Museum ini tidak terlalu luas, tapi koleksi yang ada di dalamnya bernilai sejarah sangat tinggi. Koleksi tersebut sebagian besar merupakan arca dewa pada kebudayaan Hindu-Buddha di Indonesia yang berhasil dikumpulkan dari berbagai wilayah di Kota Malang dan sekitarnya. Ada pula prasasti-prasasti yang berhuruf Pallawa dan beberapa asesoris candi serta beberapa benda yang berasal dari masa kerajaan Hindu-Buddha. 

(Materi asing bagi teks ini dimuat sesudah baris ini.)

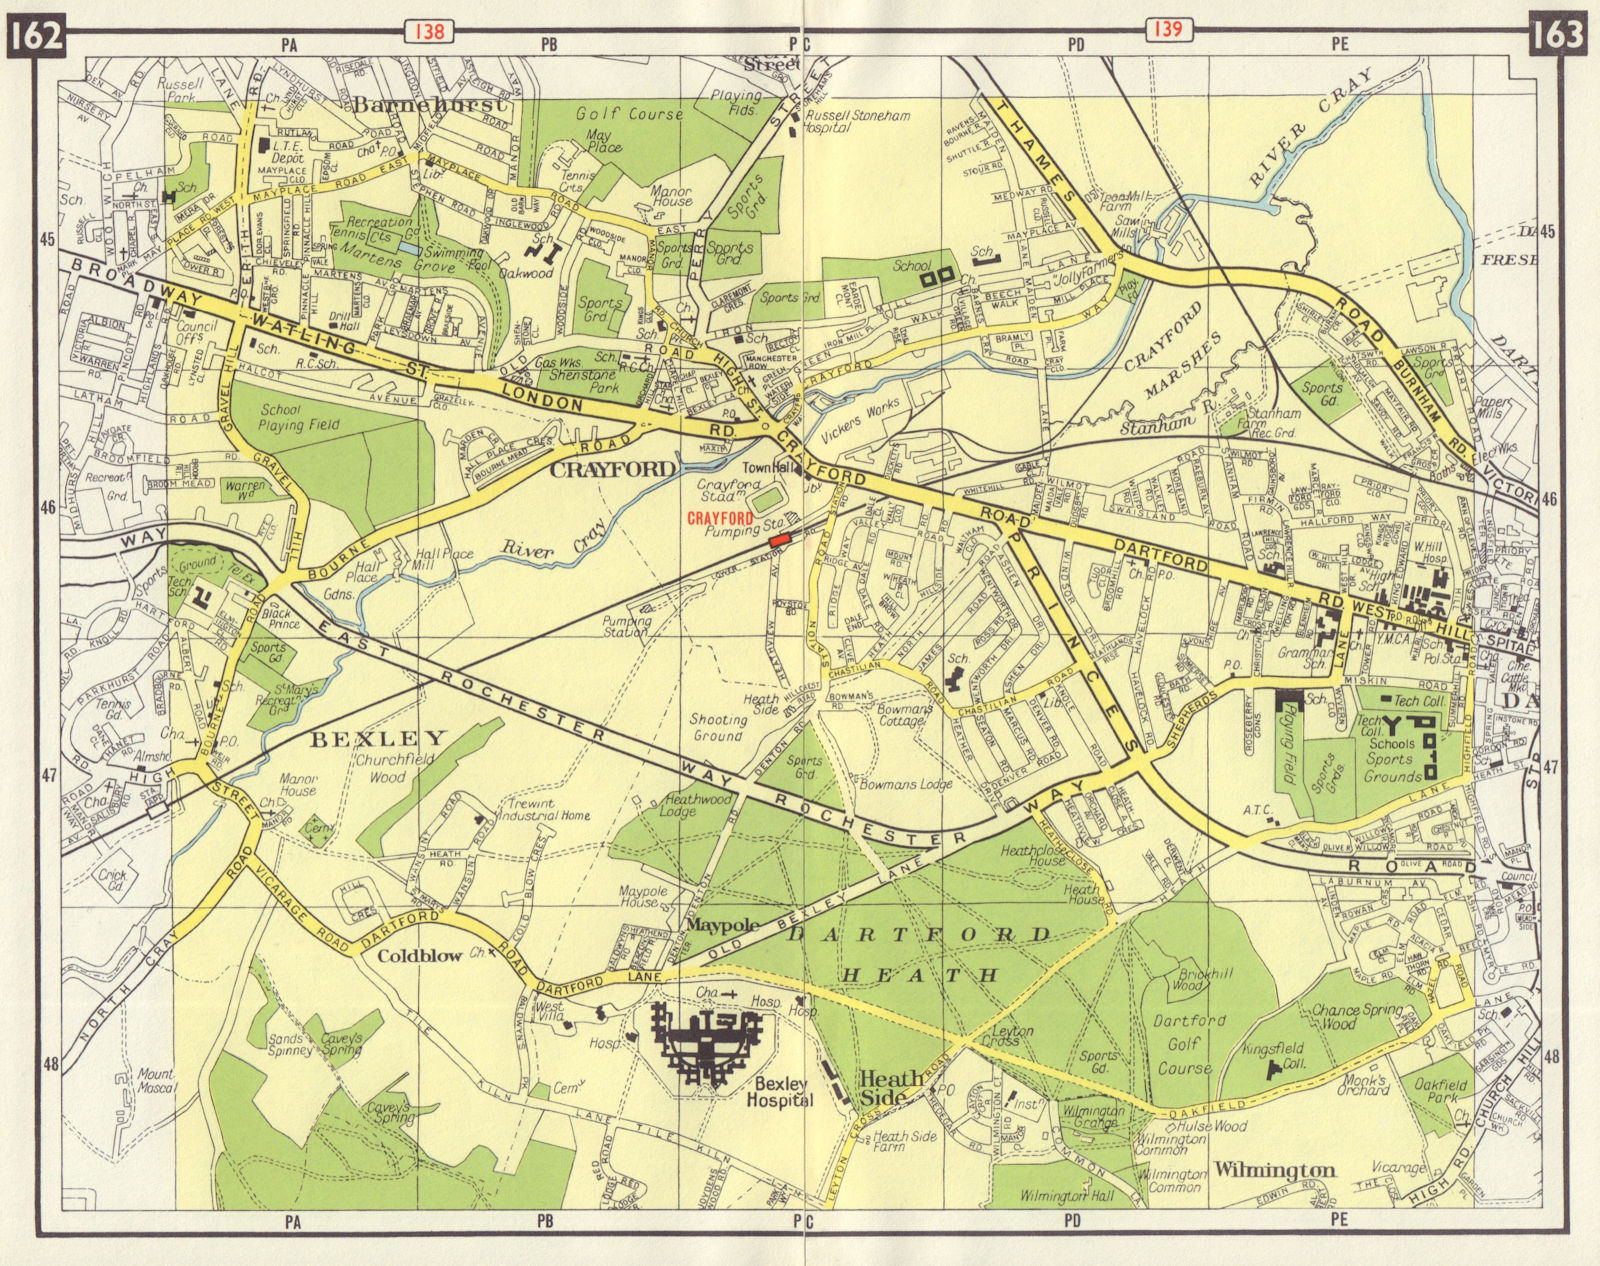 SE LONDON Crayford Wilmington Dartford Heath Bexley Barnehurst Dartford 1965 map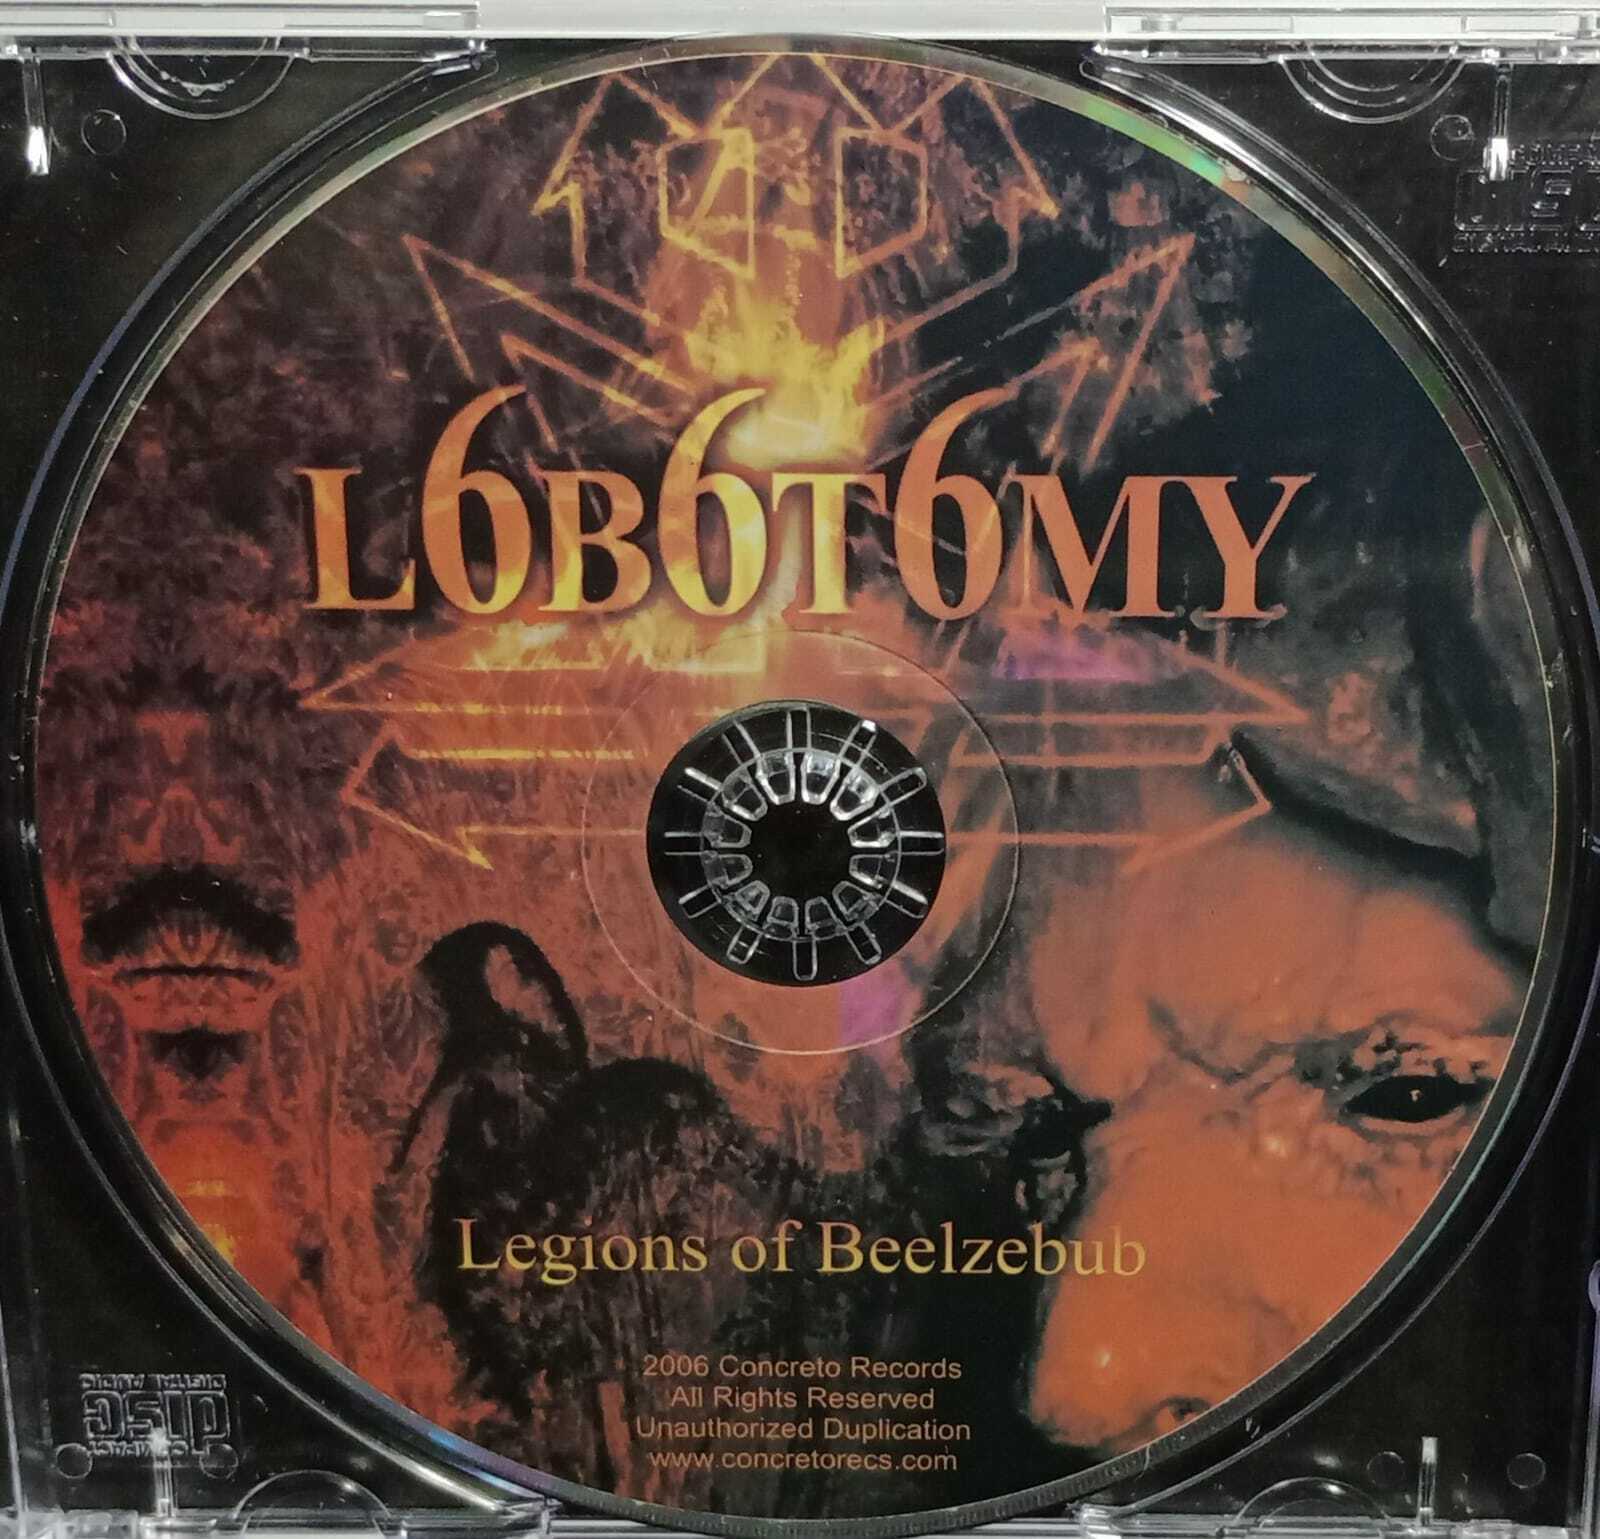 CD - L6b6t6my - Legions Of Beelzebub (imp)

Arca-arca ditata amat rapi dengan keterangan lengkap yang dapat menambah banyak informasi bagi kita. Sayangnya, banyak arca yang sudah tidak lagi utuh. Dinding dihiasi dengan beberapa foto bangunan di Kota Malang yang dianggap memiliki nilai sejarah. Dari keterangan yang kami dapat di sana, dapat kami ketahui bahwa beberapa bangunan di Kota Malang, seperti Masji Agung Jami’, Gereja Alun-alun dan Gereja Kayutangan ternyata sudah berusia ratusan tahun. Sayangnya, tidak ditunjukkan foto asli dari jaman dulu, sehingga pengunjung tidak bisa membayangkan bagaimana keadaan bangunan-bangunan tersebut pada masa lampau.
Salah satu hal yang kami anggap menarik adalah banyaknya arca Ganesya yang berada di museum ini. Mulai dari yang berukuran kecil hingga yang berukuran besar. Uniknya adalah, bagian yang hilang dari arca tersebut sebagian besar adalah bagian belalai. Hal ini mengusik pikiran kami, adakah azimat khusus yang mengirinya, sehingga banyak orang yang memburunya?


Di salah satu bagian dinding terdapat naskah Sumpah Palapa yang diucapkan Patih Gajah Mada yang berisi tekad untuk menyatukan nusantara. Selain itu, ada juga keterangan yang menjelaskan perkembangan abjad dari huruf Pallawa yang banyak berkembang sehingga menghasilkan abjad huruf Jawa yang kita kenal dengan hanacaraka hingga abjad Bali.
Dari museum ini, kami banyak belajar, terutama tentang sejarah bangsa Indonesia di jaman kerajaan Hindu-Buddha.  Bangsa Indonesia adalah bangsa yang tinggi budaya dan religiusitasnya, sehingga mampu menghasilkan benda-benda yang tinggi nilai seni sekaligus nilai keagamaannya. Jadi, benar-benar tak ada salahnya menjadikan museum ini sebagai destinasi wisata edukasi, apalagi tidak ada tarif masuk yang dibebankan alias gratis, jadi dijamin tidak akan menguras kantong.